Unas gotas salpicanlos rostros de Inés y de Luis. Es la primera ola que arremete con cierta fuerza tras casi dos horas. A la mente de Inés viene aquella ocasión en la que se empapó, en ese mismo lugar, por una inmensa ola que llegó a sus espaldas mientras Luis le hacía una fotografía. Sin poder evitarlo, una leve sonrisa ilumina, por unos instantes, su rostro. Inés toma con su mano izquierda la de Luis, y con la derecha, comienza a desabrocharse la blusa, mientras entre sus labios, un murmullo indica que el destino es el agua.
Las pocas gaviotas que están en el acantilado junto al puerto, vuelan bajo, sin tratar de pescar nada, siendo testigos de todo aquello que ocurre en ausencia de los pescadores. Sus tímidos graznidos rompen, de vez en cuando, el silencio de la noche. El mar, la Luna, las gaviotas... la ilusión del primer día vuelve a surgir entre Inés y Luis. No recuerdan la noche que es, no recuerdan quienes son, se sienten aislados por completo del resto de mundo, nada ni nadie existe más allá de ellos. Los cuerpos se acercan, las mentes no piensan, los labios se rozan. La sal se convierte en azúcar entre los dos, dulcificando un torrente de caricias y sentimientos.
Con el amanecer, las frases se hacen a cada instante más difíciles de articular camino de la estación. La voz comienza a fallar y el silencio se convierte en las palabras que son incapaces de articular.
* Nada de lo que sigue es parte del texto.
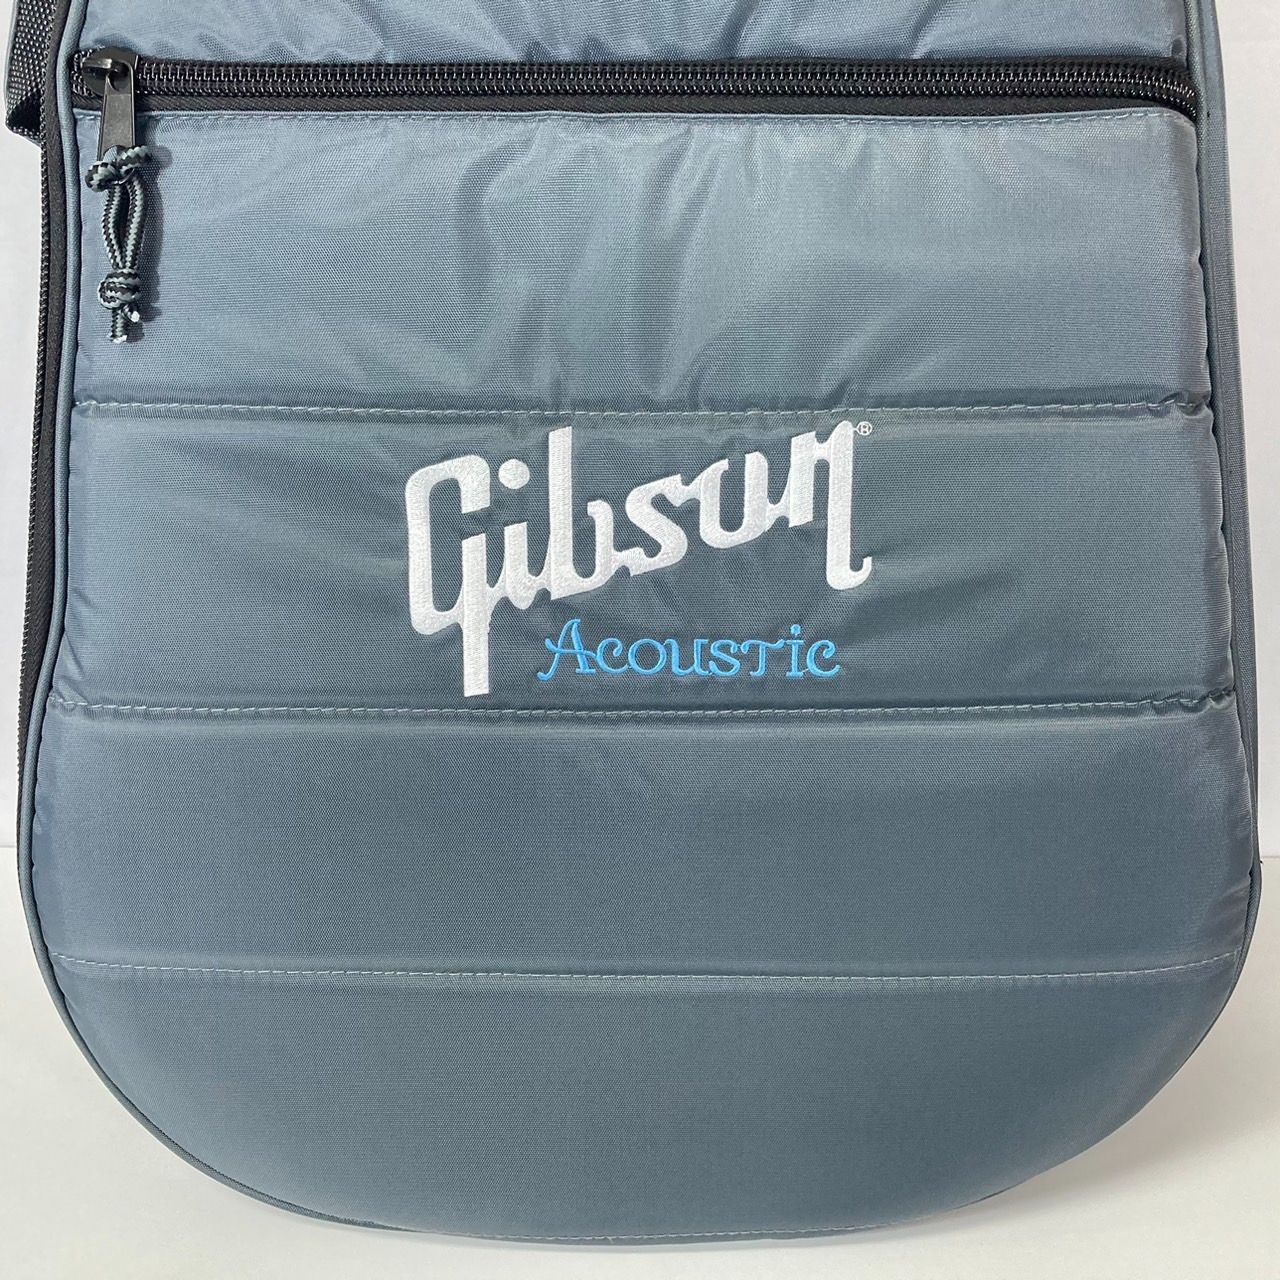 Gibson アコギ用セミハードケース(ギグバッグ)-

Una voz femenina, casi metálica, anuncia la inminente llegada del tren de Inés. Un beso prolongado. Inés cierra los ojos, tratando inútilmente de retener la tímida lágrima que cae lentamente, mejilla abajo, dejando a su paso una sedosa caricia que no alcanza a enjugar el dolor contenido de la inevitable despedida, de un adiós que se antoja eterno. Luis es incapaz de distinguir más allá de las formas, sus ojos están empañados por las lágrimas.
- Te quiero, Inés. - Yo también.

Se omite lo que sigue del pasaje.